▶ _RECORDED INFORMATION_:

>>

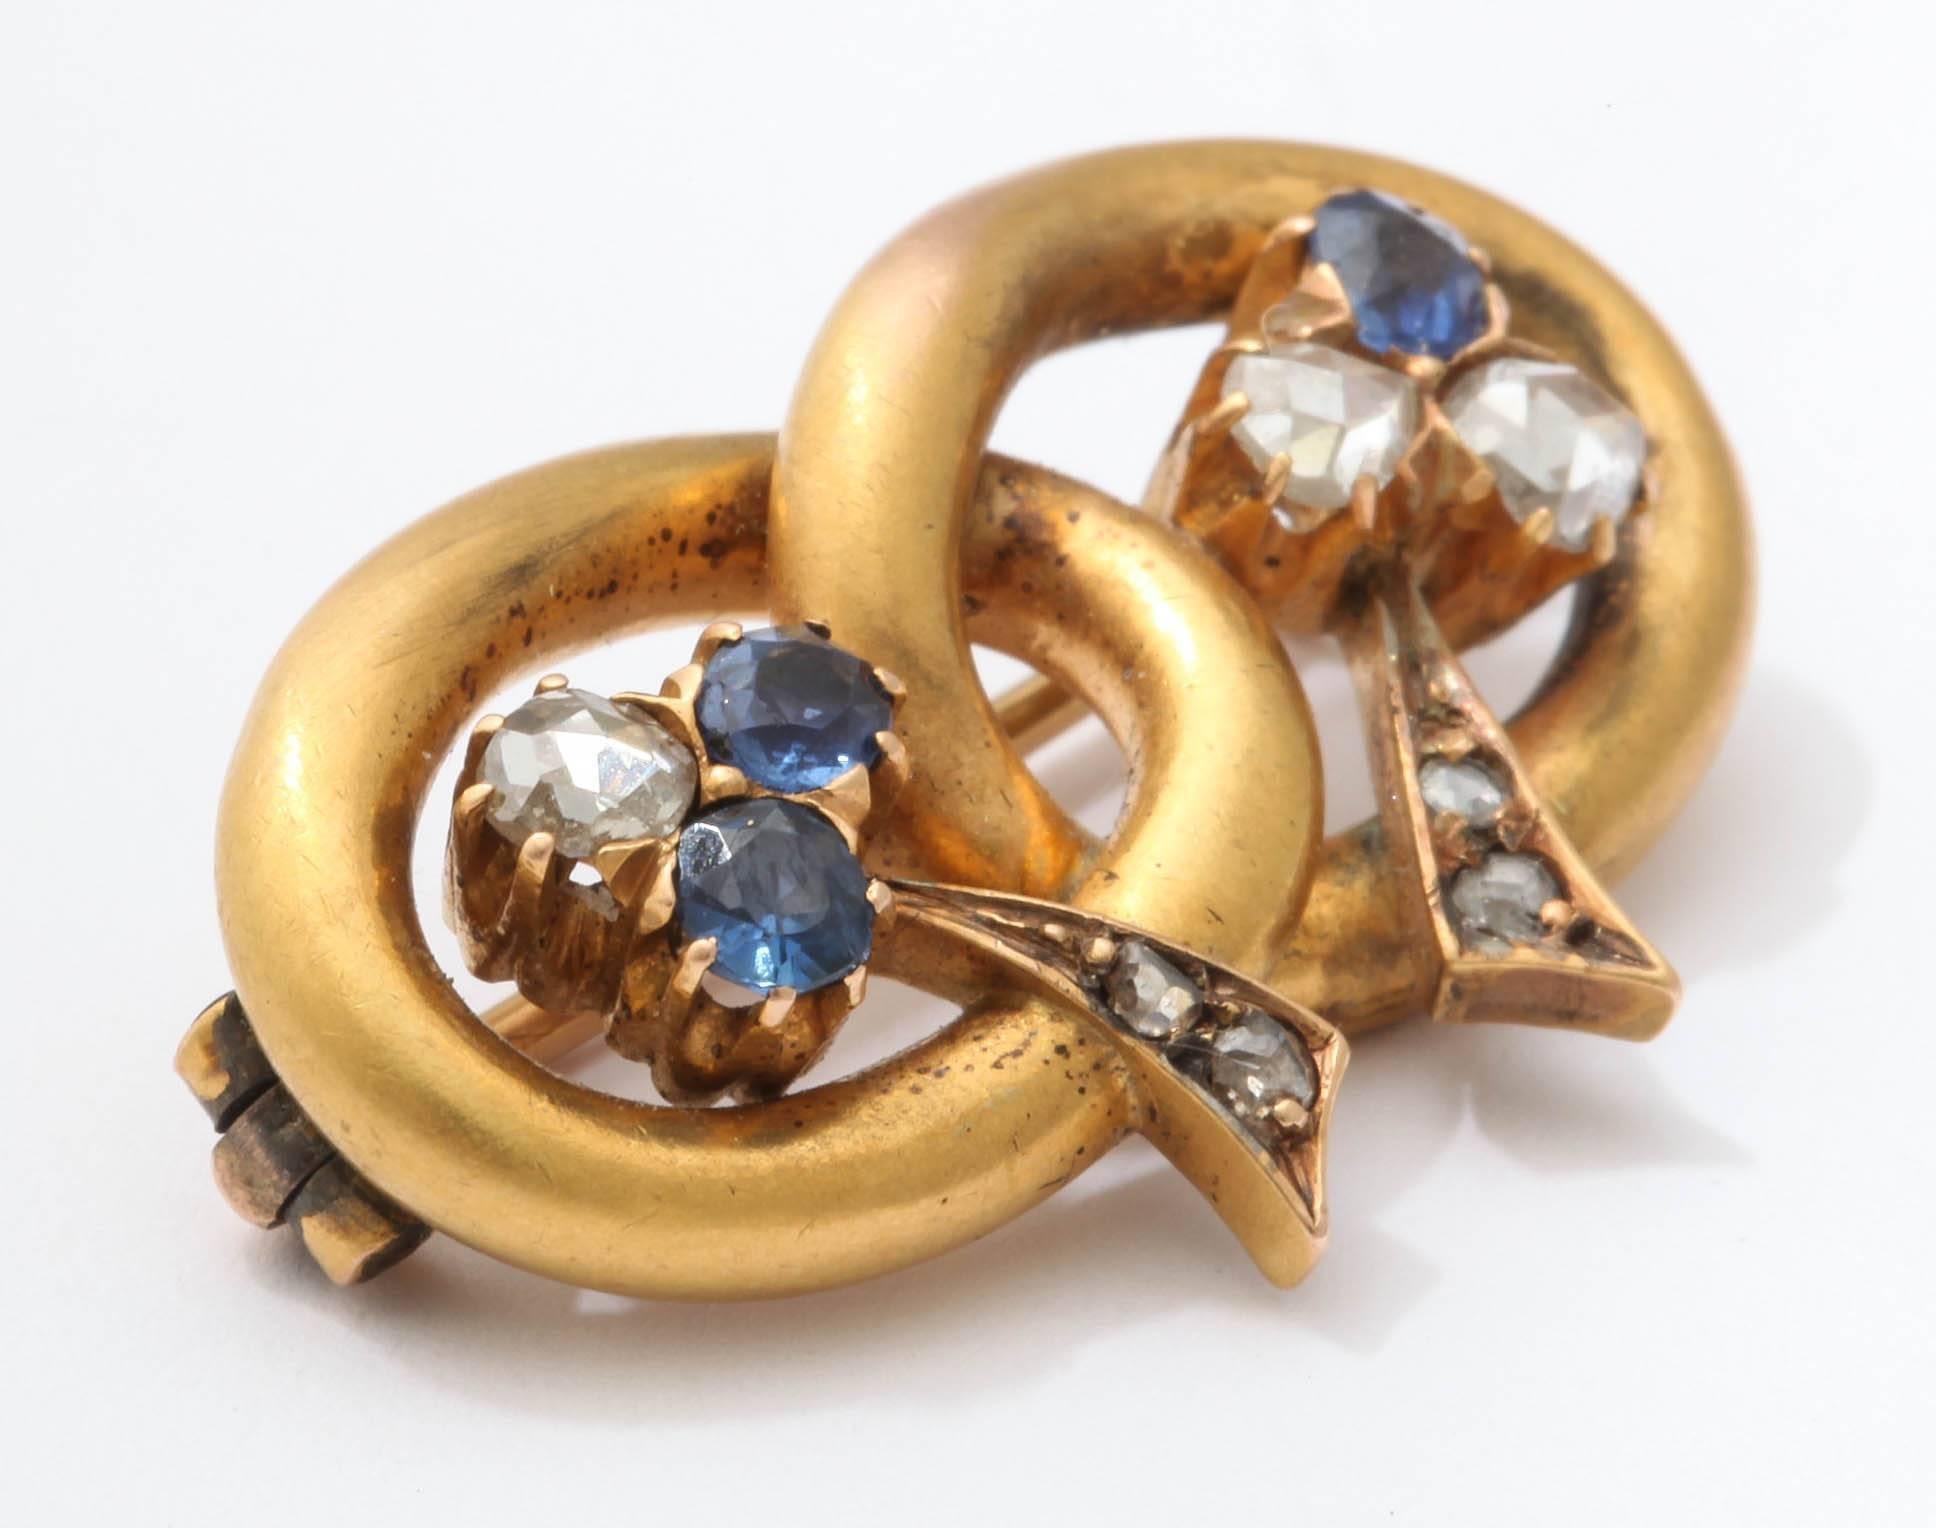 Rare Russian pin from the Romanov era, period of Tsar Nicholas II designed as a gold lover's knot, each loop set with a sapphire and diamond trefoil, its tapered stem set with rose diamonds.

By Vladimir Soloviev, St. Petersburg, 1899-1908.  

1 1/8

<<

▶ _YOUR OBJECTIVE_: Copy exactly the lines of the listing above, beginning at the line with "By Vladimir Soloviev, St." and ending at its final line; write out nothing else.

▶ _RESPONSE BOX_:
By Vladimir Soloviev, St. Petersburg, 1899-1908.  

1 1/8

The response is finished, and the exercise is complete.